Active Research

Research: Machine Reading and Memory

Goal

I believe that semantic and episodic memory can be (and in all likelihood, have to be) leveraged early during language processing and understanding, in order for a machine reader to accomplish the task of language comprehension, and integration with existing knowledge. This hypothesis is in contrast to the typical Natural Language Processing (NLP) pipeline model which defers memory integration to later stages in processing, and frequently doesn't address issues of scale pertaining to integration with a large existing memory.

Memory and language understanding

Although it is generally accepted that memory and context play a crucial role in language comprehension, the question remains as to when this knowledge should be applied in the task of machine language understanding. Current Neuroscience indicates that humans are accessing deep semantic and episodic knowledge at very early stages when reading. It also shows that humans operate on syntax and semantics at the same time, suggesting that there is no syntactic -> semantic pipeline. (Hagoort 2007) My research explores giving machine readers the same functionality: the ability to access memory at all stages of language understanding.

Direct Memory Access Parsing (DMAP)

Direct Memory Access Parsing (DMAP) (Martin 1992) is a memory-driven, expectation-based, deep-semantic approach to natural language understanding. DMAP uses phrasal patterns linked directly to knowledge structures in memory to recursively recognize textual references and map them to existing knowledge, or to construct new knowledge with similar structure when appropriate.

To facilitate my research I have built an implementation of DMAP on top of the ReseachCyc knowledge base contents, driven by the Fire reasoning engine. In addition to my research questions, several new problems have arisen. For example, building an implementation of DMAP that can work with predicate logic assertions (as exist in Cyc), as opposed to frames for which DMAP was originally designed. Also issues of scale, ResearchCyc is three orders of magnitude larger than any other memory previously used with a DMAP system. Memory based methods for dealing with these problems of scale has also become a research question.

DMAP is about bringing semantic and episodic memory to bear early and efficiently in the language understanding process. Semantic and episodic memory can be powerful resources for many Natural Language Processing (NLP) problems, such as coreference resolution, meaning formulation, and knowledge integration. Furthermore, given the end goal of integrating knowledge from reading with existing knowledge, I contend this process is made easier by operating with semantic and episodic structures, instead of lexical or linguistic structures, as early as possible in the parsing and understanding process.
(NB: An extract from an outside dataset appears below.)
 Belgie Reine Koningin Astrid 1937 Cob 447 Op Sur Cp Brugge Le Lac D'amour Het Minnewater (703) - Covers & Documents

Application: Learning Reader

DMAP is currently being used in the Learning Reader project, which is jointly advised by: Chris Riesbeck, Ken Forbus, and Larry Birnbaum. We are trying to build a system that actually learns by reading - generating real knowledge, from real text. Some more extensive text about the Learning Reader is located on the QRG (Ken's research group) website. DMAP's role in the Learning Reader project is to support the automatic acquisition of new knowledge from simplified English texts. The Learning Reader knowledge base, extracted from Research Cyc, is two orders of magnitude larger than the frame-based memories previously used by DMAP systems, with approximately 3 million predicate logic assertions and over 28,000 phrasal patterns.
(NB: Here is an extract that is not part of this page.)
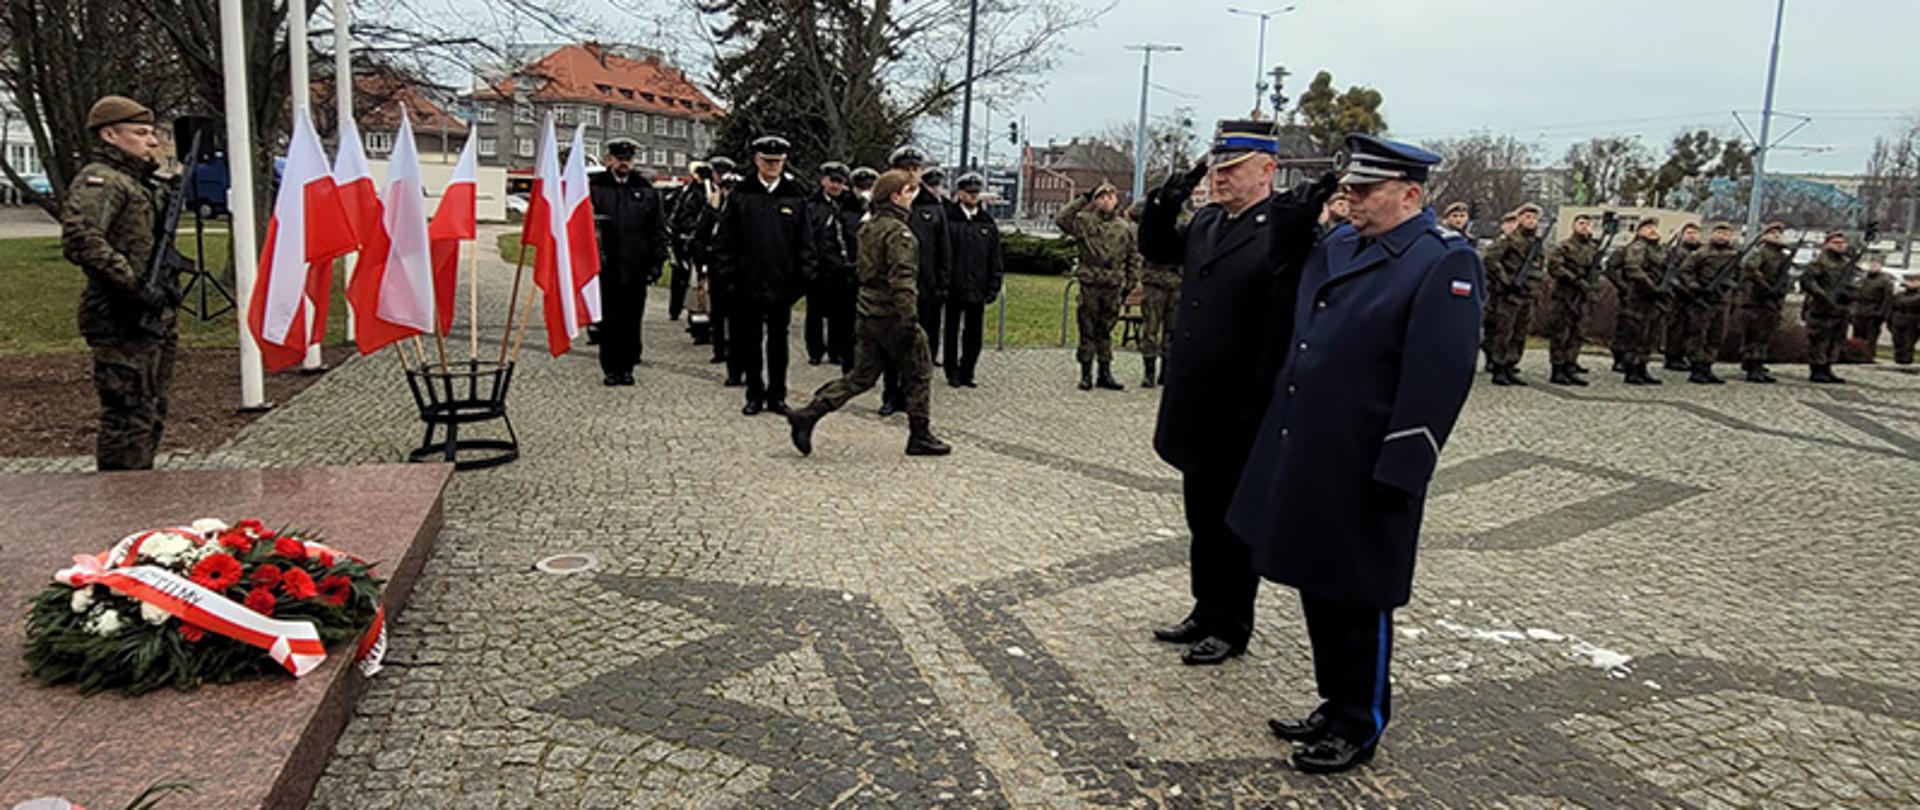 Funkcjonariusze Państwowej Straży Pożarnej oraz Policji stojąc obok siebie oddają honor obok stoją przedstawiciele Sił Zbrojnych Polski.

. . . stay tuned for the dissertation

My publications page contains several papers with more detail.

Please contact me, I'd be happy to discuss this or related work with you, or potential employment opportunities (as I intend to be in the market very soon).




Some Previous Research

Information Retrieval (IR)

On Demand Querying Integrated with Television Viewing

I developed a system to on-demand build websites relating to what a person was currently viewing on their television, and present them in real time. For example, if you were watching the news on your television and clicked the "more information" button on your remote control, the software would figure out what you were watching, pick out the specific story and send a custom built micro-website immediately to your laptop sitting next to you. The site would be full of links to related stories as well as in depth information about the key people, business, locations, etc. in the story. This work was published under the name "Beyond Broadcast" and the prototype was at times called "Cronkite". For more information please see my publications page.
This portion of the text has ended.